Flare-on 2015 - Level 2: very_success.exe
This post is mostly a showcase of possible approaches and excellent, free tools that you can use to reverse some binaries. To that end, we’ll leave the IDA alone, and learn a few new things. Along the way we’ll try out some frameworks and tools that will allows us to symbolically execute (angr), emulate (unicorn), and perform a side-channel attack (pintool) on the code we uncover.
Our target is the second challenge of Flare-On 2015. It is actually quite an interesting little target.
Let’s get right into it.
We’re going to grab a copy of radare2 for windows (pre-built for minimum hassle), and ConEmu to make our cmd prompt experience a little nicer.
After adding the folder containing radare to our path:
$ set PATH=%PATH%;C:\tools\r2
…we load the binary using the -A flag which performs an analysis of flags and symbols and renames things. We also use the -w flag to open the file in write mode in case we want to edit/patch something.
$ radare2 -A -w very_success.exe
Step 1: Initial triage and recon
We can perform our initial triage inside of r2:
What is this file?
Ok, let’s see the entry points, imports, resources, sections, and exports:
It’s looking like a small, simple thing so far…what kind of interesting strings are there?

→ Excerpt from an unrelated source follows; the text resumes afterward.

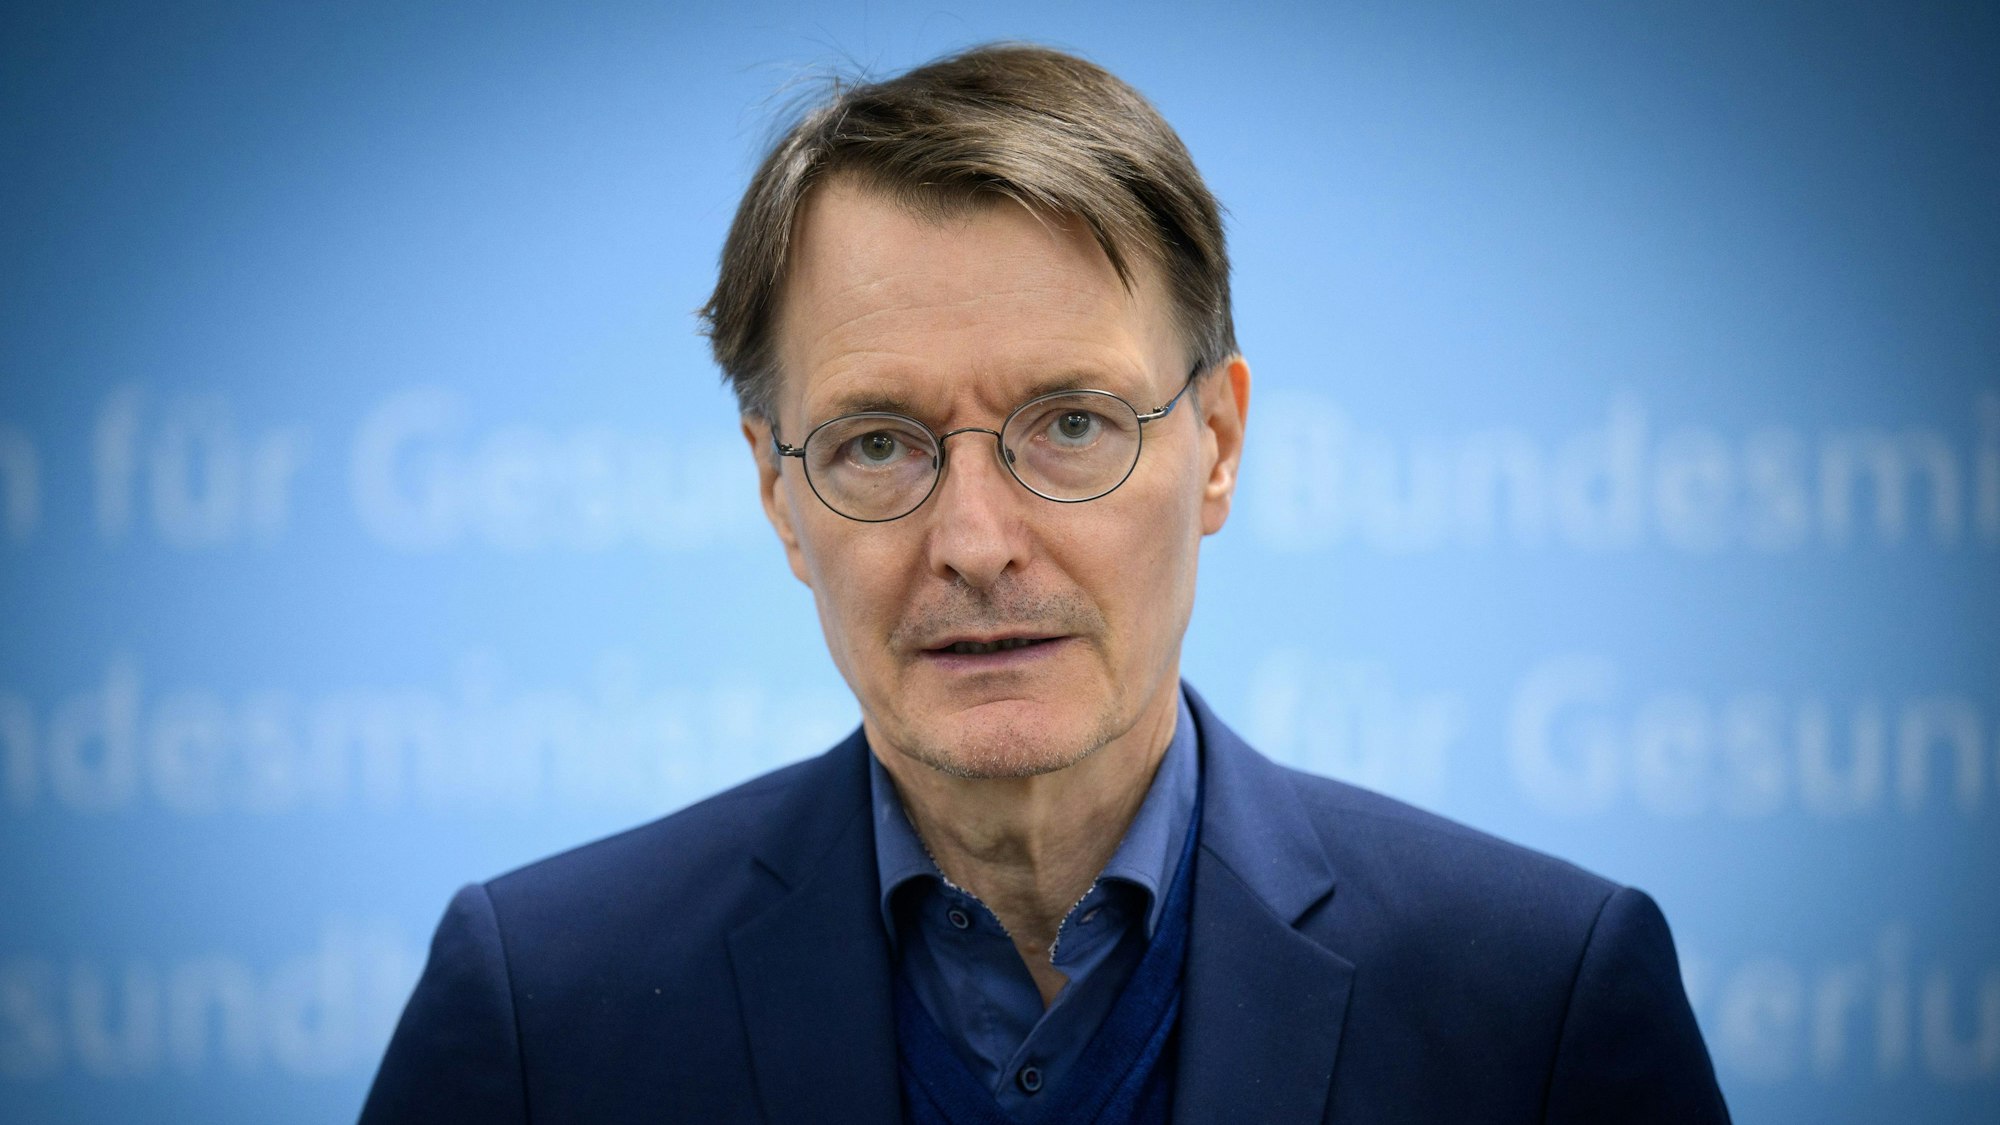 Karl Lauterbach (SPD), Bundesminister für Gesundheit, ist vor einem blauen Hintergrund zu sehen.
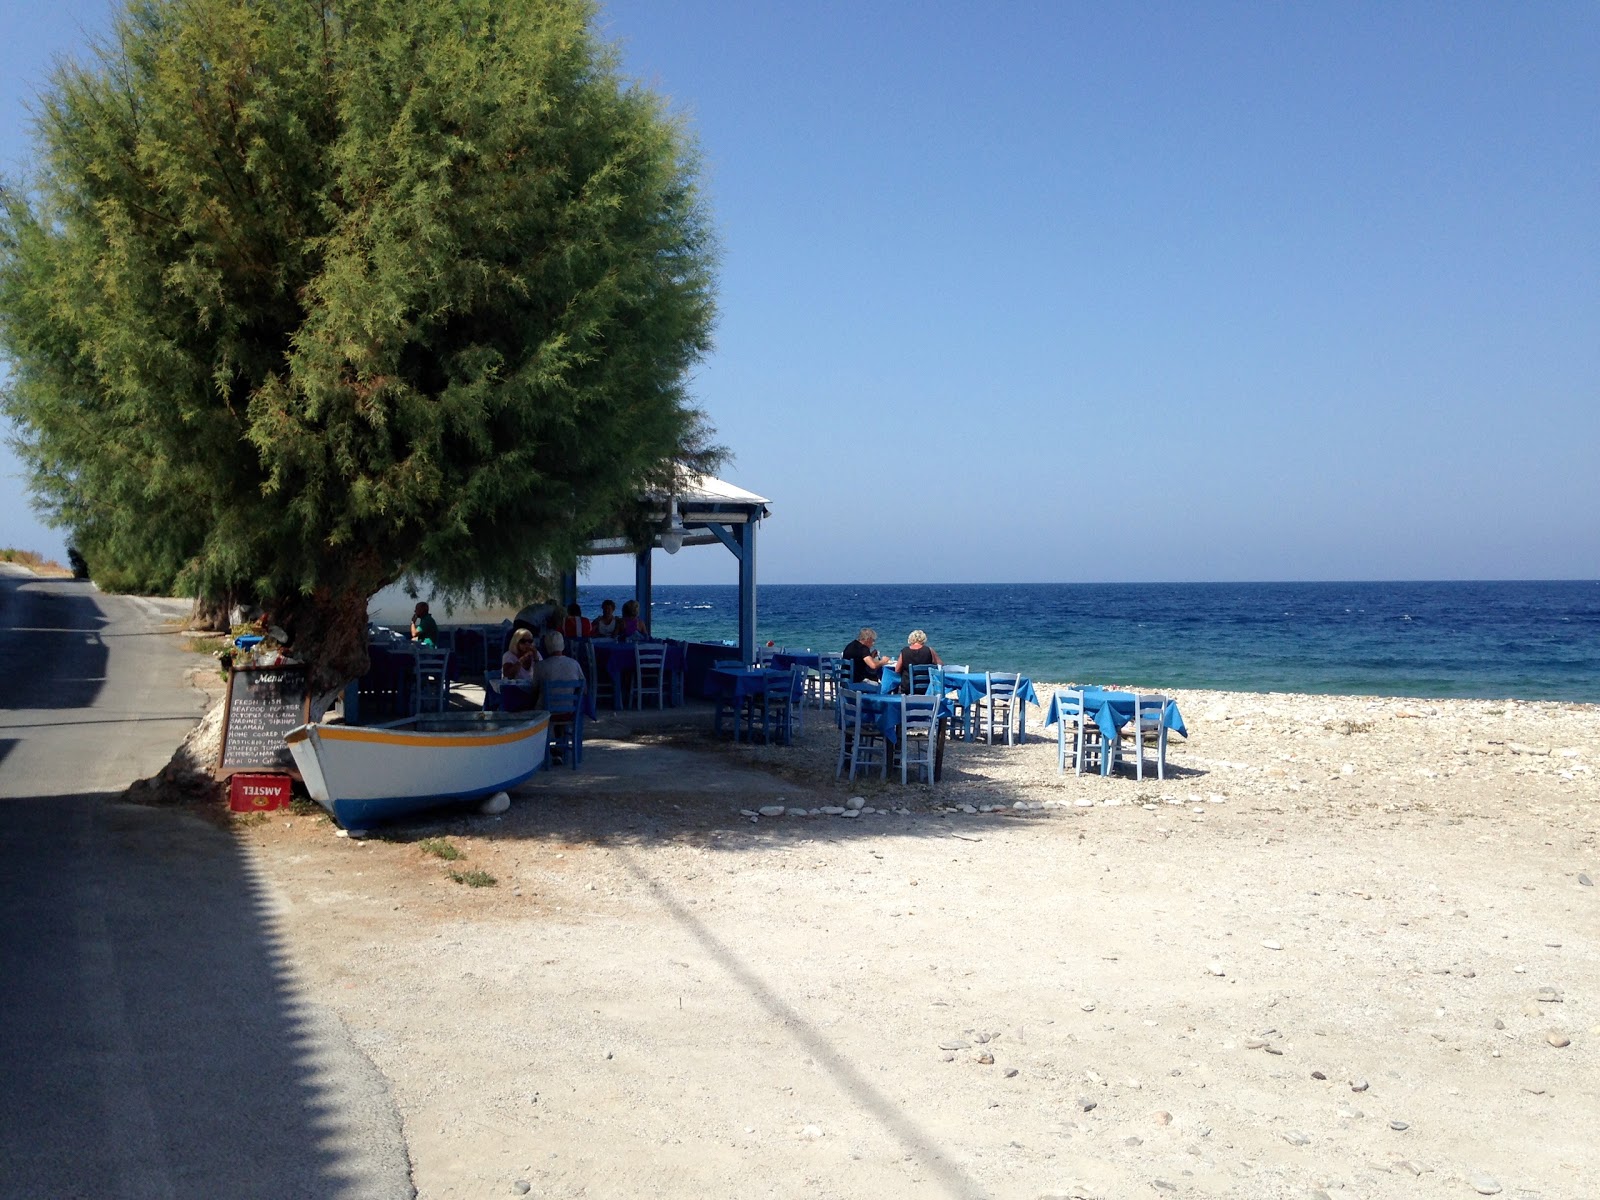 Agios Konstantinos'in fotoğrafı doğrudan plaj ile birlikte

and because we’ve already run some analysis (-A), we can examine xrefs to the clearly interesting string of “You are success” and “Enter the password>”
XREF to Enter the password
We might want to set a flag, or alias to the address of interest (the address where the Enter the password string is), but we don’t have to in this case because r2 has already done that for us.
We examine the flag spaces, select the strings flag space, and see what’s in there (redundant here, but good to be aware of) tab-completing our way to victory:
Let’s investigate the function that is using this string to learn a little more about this binary.
We seek to the function of interest, and enter visual mode:
[0x004010df]> s sub.kernel32.dll_GetStdHandle_0
[0x00401000]> VV
We press p or P to cycle through the different display modes (pretty much everywhere in r2 you can press ? to see what commands are available, and commands that have subcommands/modes also accept a ?)
It seems fairly clear…whatever we input will be validated inside of fcn.00401084, and the return value will determine whether we get the nice message or the bad one.
(It might be worth your while to tab/TAB around, zoom (+, -), check out the other graph views p/P, the pseudo-assembly ($), and just practice moving around hjkl (left, down, up, right) to make your r2 experience a little more comfortable.)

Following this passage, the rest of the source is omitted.